> [WORK REQUIRED]
Write out the whole listing exactly; no images belong in it.

> [DATASET EXCERPT]
━━━━━━━━━━━━━━━━━━━━

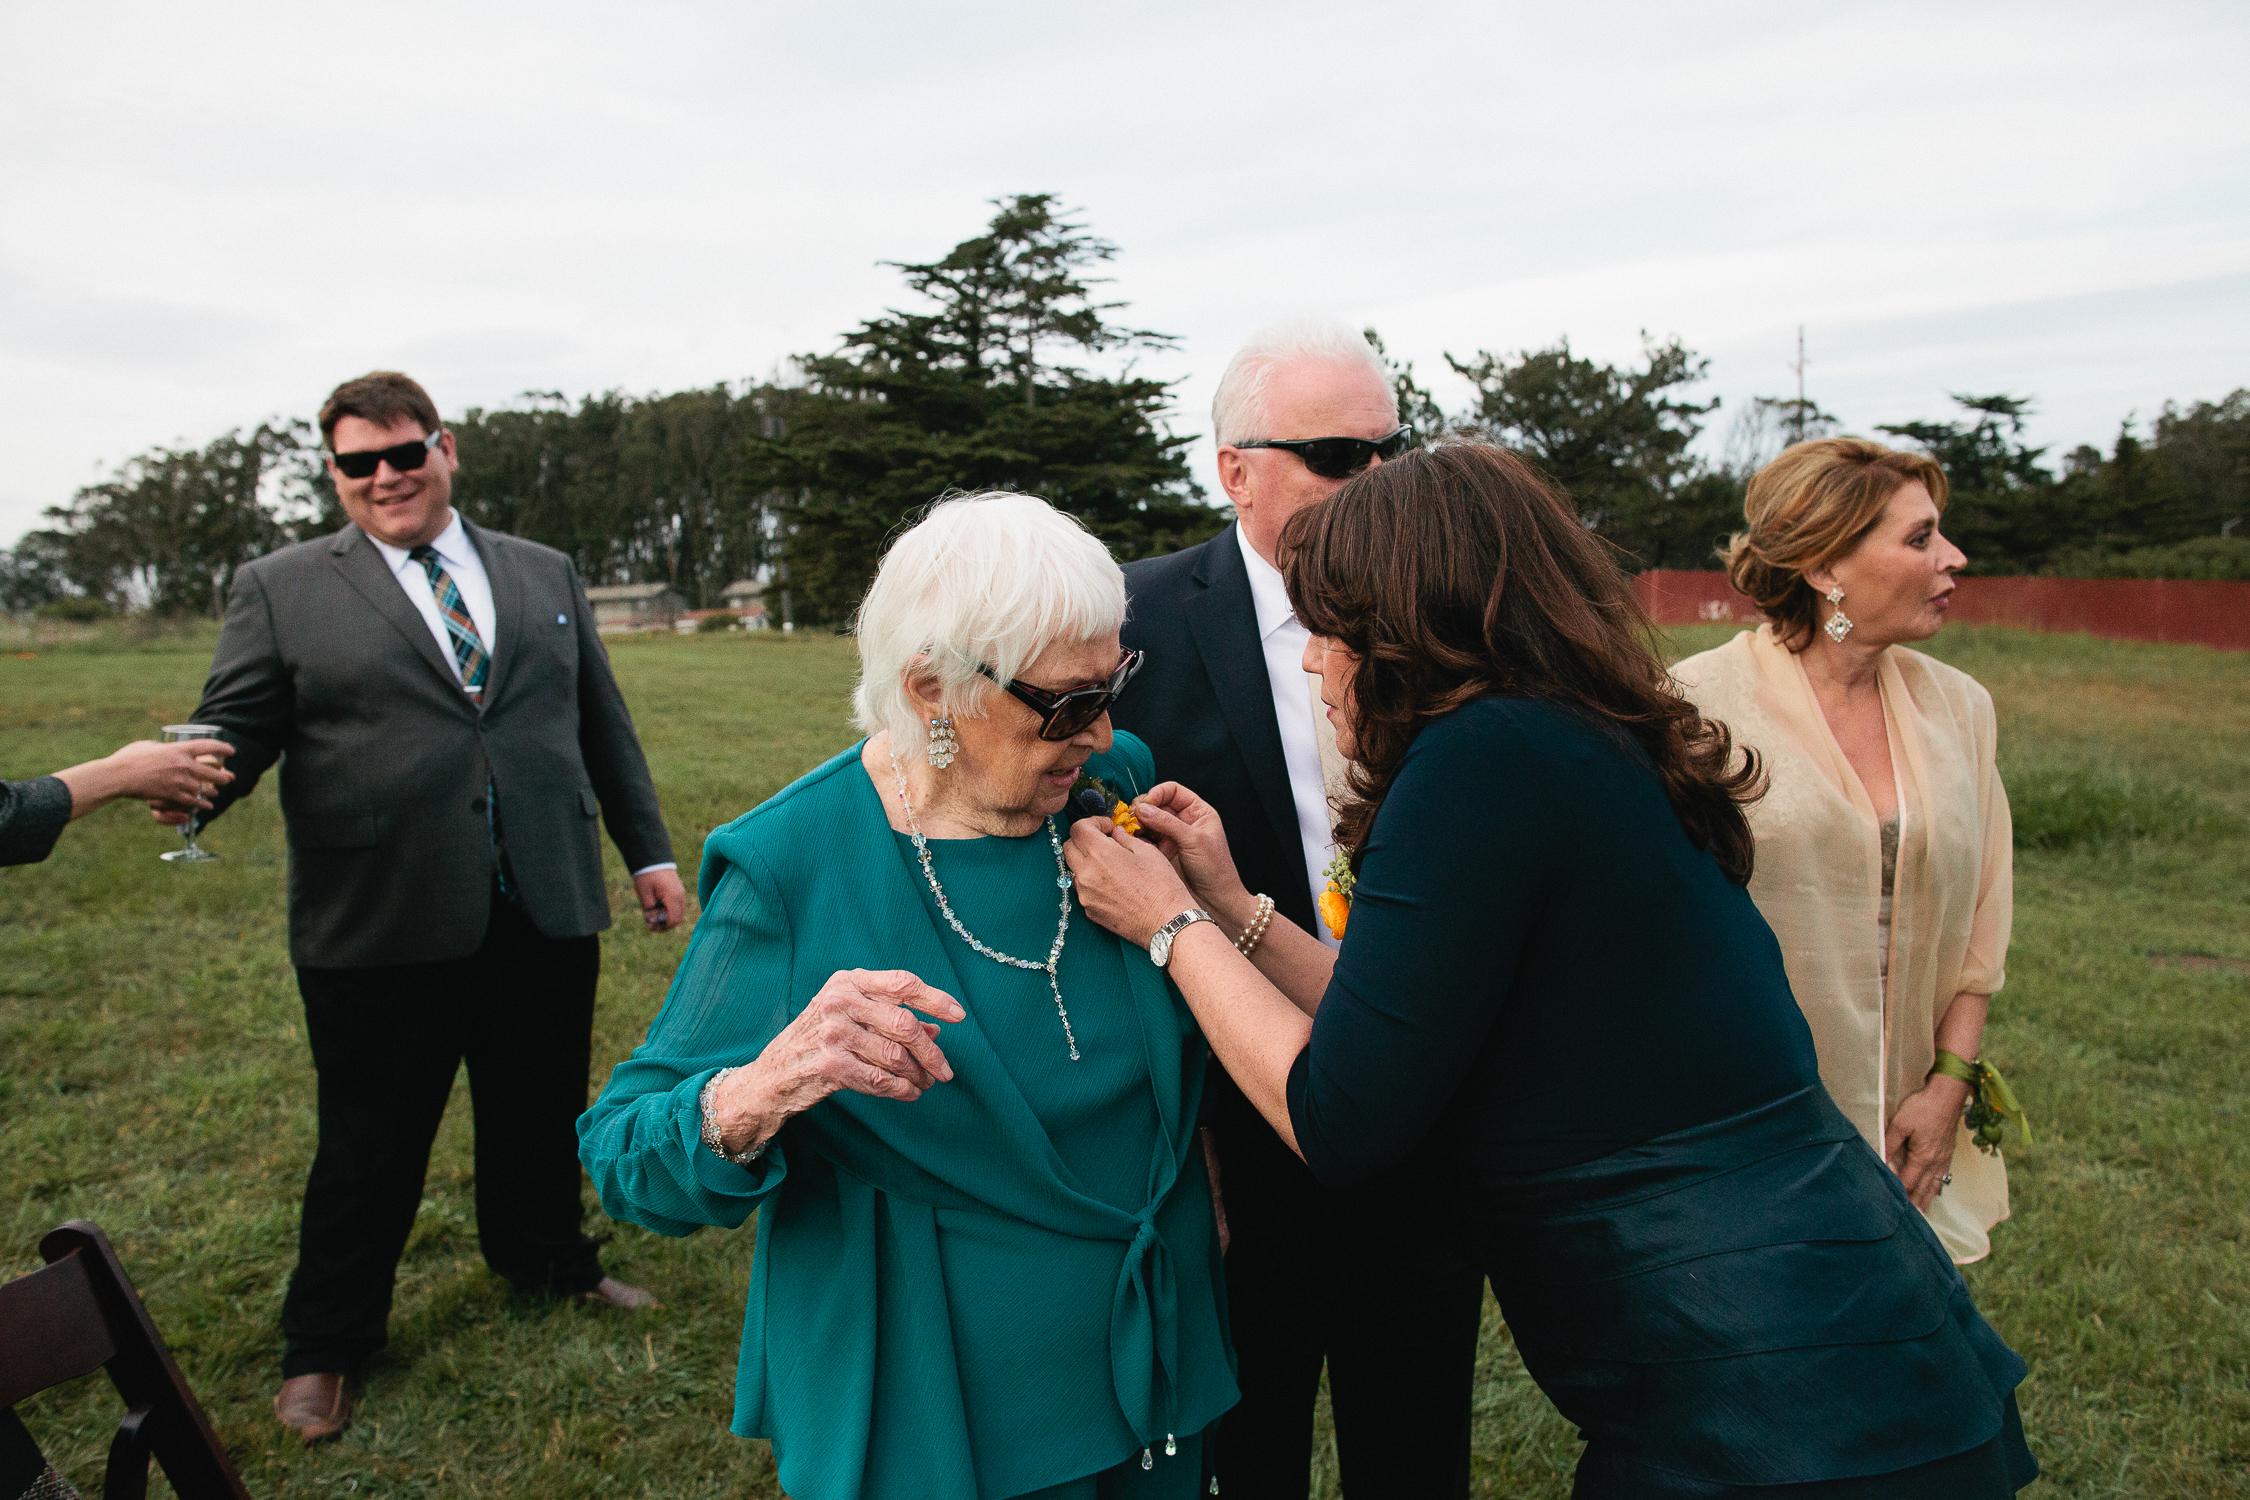 gretchen_Gause_San_Francisco_Presidio_Wedding_Photo_
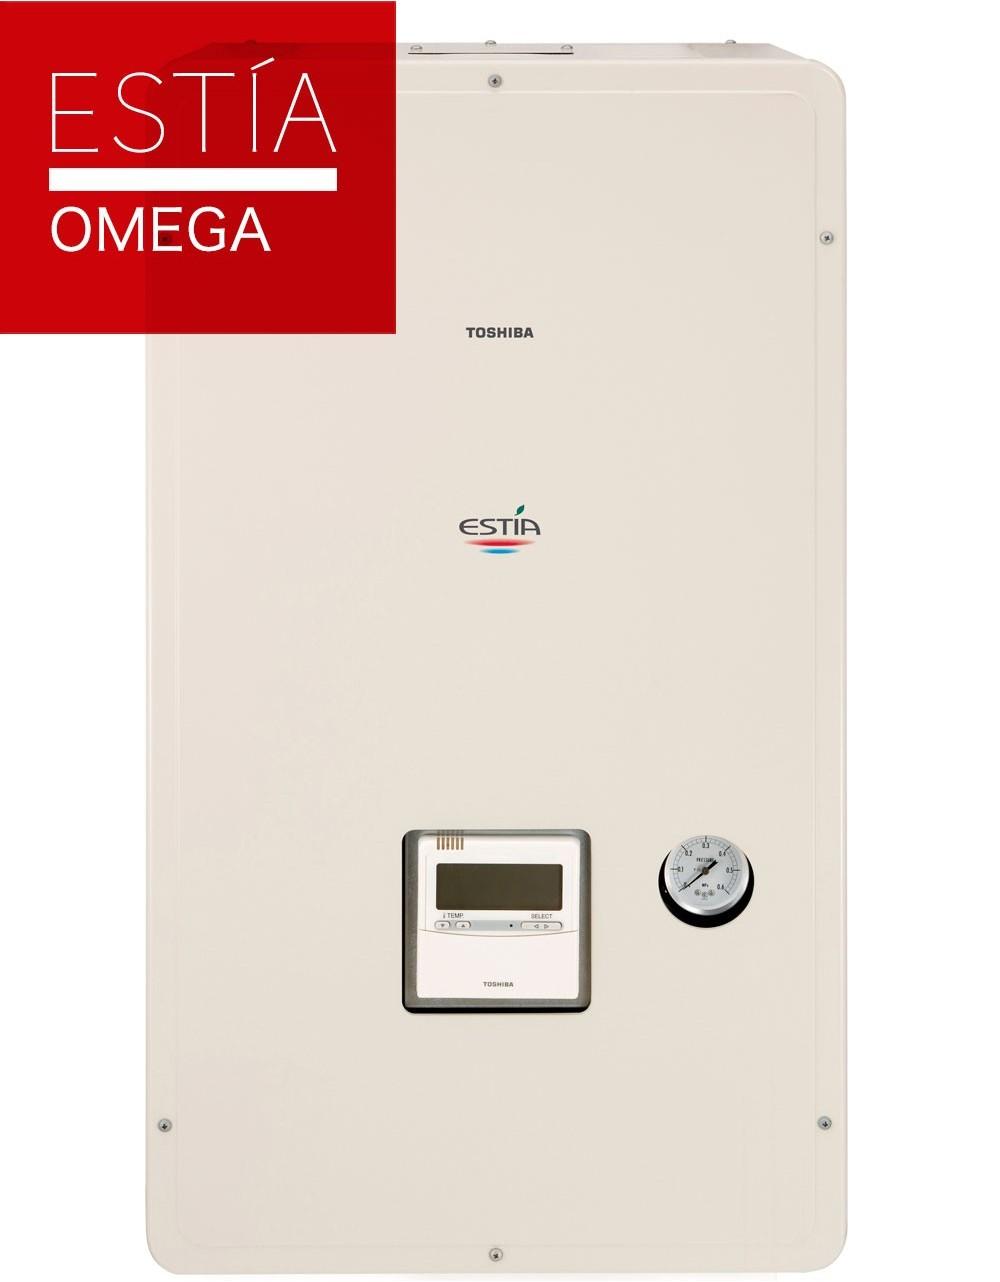 Bomba De Calor Aire Agua Monof Sica Omega Toshiba Aire ~ Calefaccion Bomba De Calor Precio
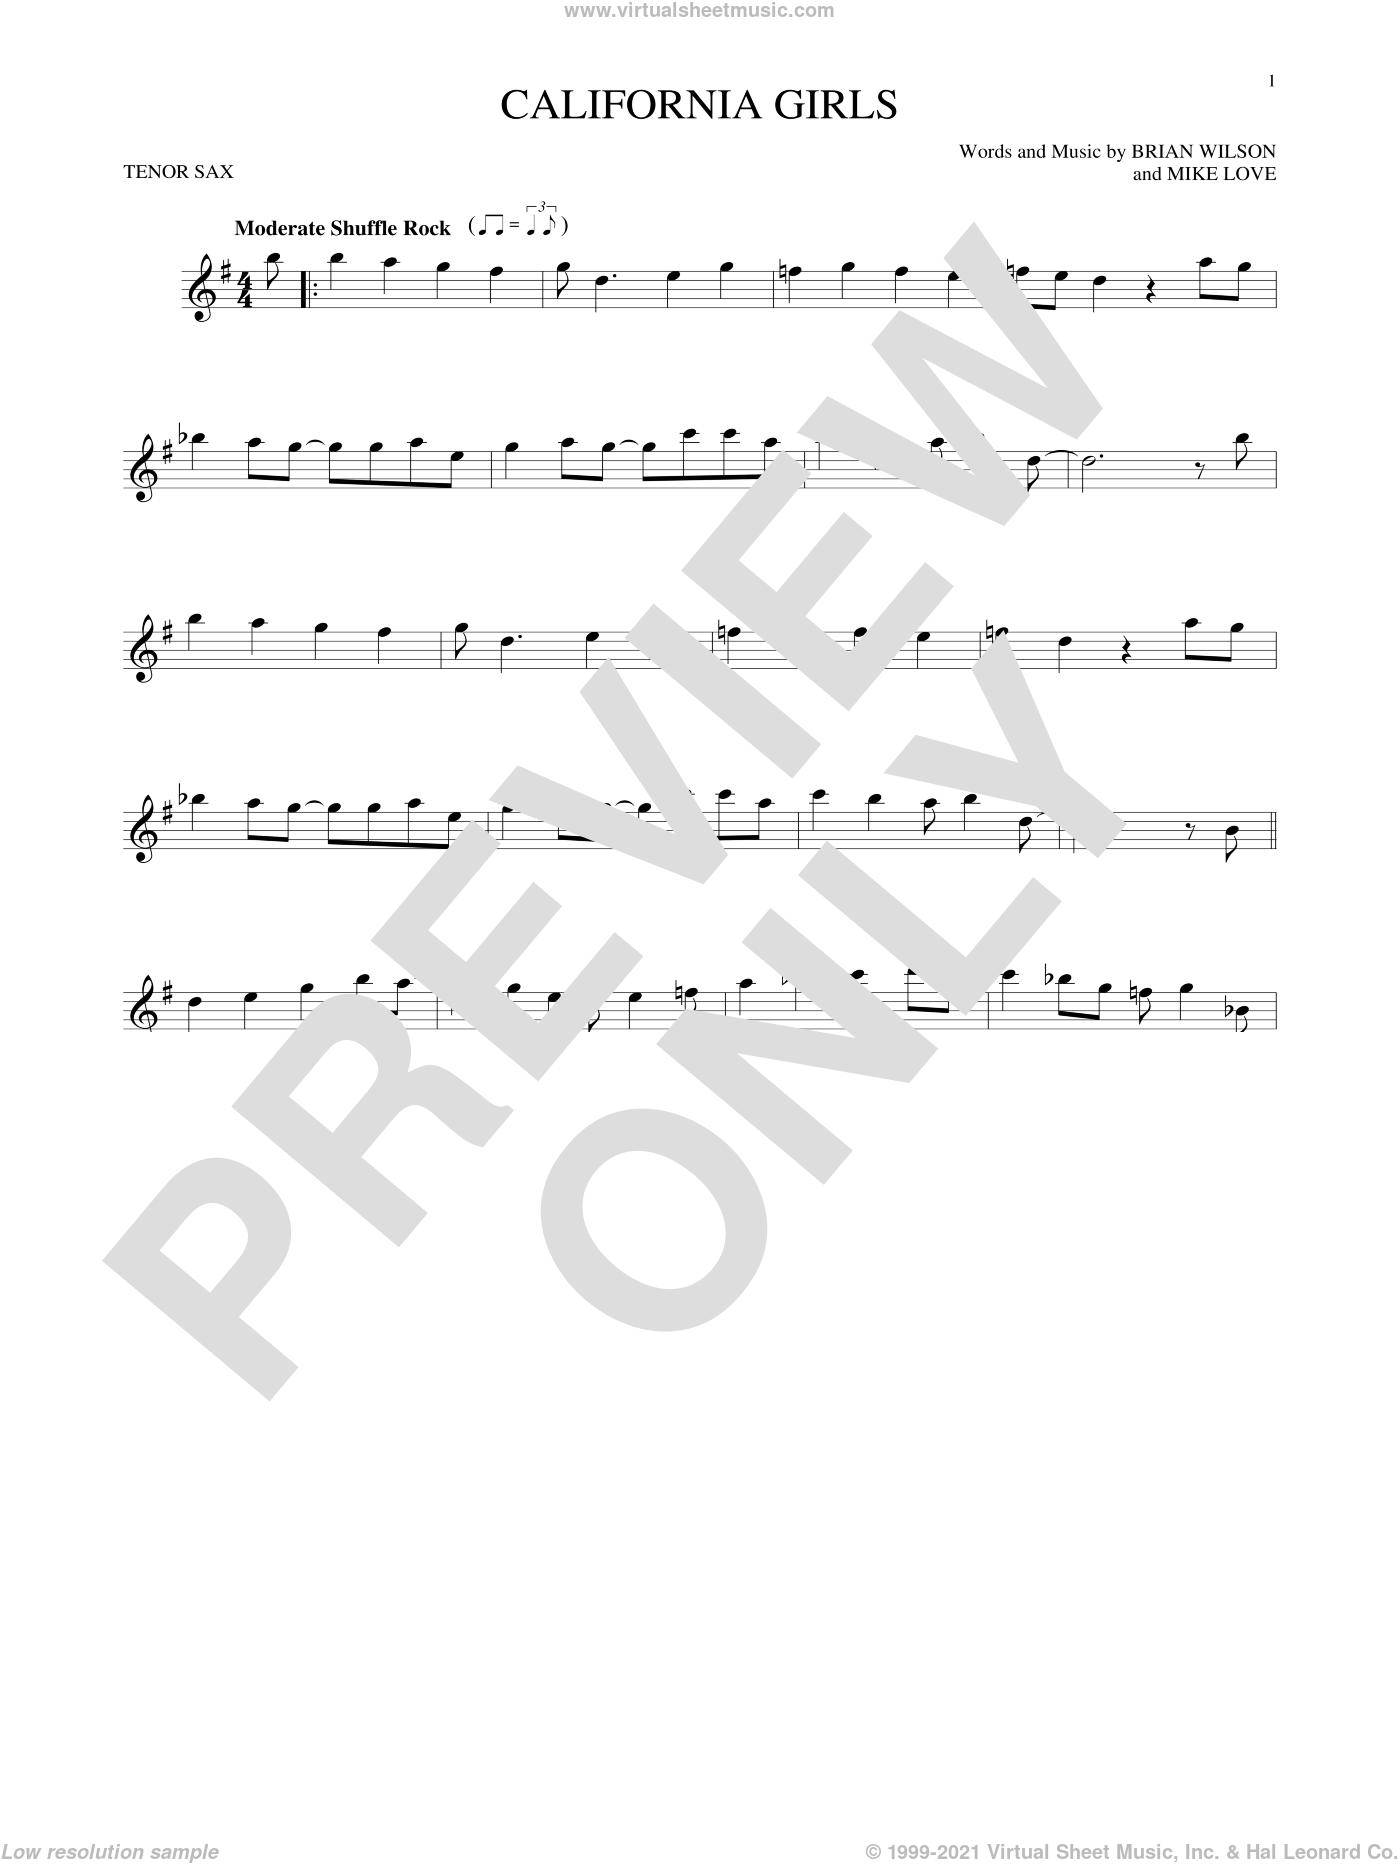 California Girls sheet music for tenor saxophone solo by The Beach Boys, David Lee Roth, Brian Wilson and Mike Love, intermediate skill level

━━━━━━━━━━━━━━━━━━━━

> [ANSWER FOR THE TASK]
 gretchen_Gause_San_Francisco_Presidio_Wedding_Photo_
 Bomba De Calor Aire Agua Monof Sica Omega Toshiba Aire ~ Calefaccion Bomba De Calor Precio
 California Girls sheet music for tenor saxophone solo by The Beach Boys, David Lee Roth, Brian Wilson and Mike Love, intermediate skill level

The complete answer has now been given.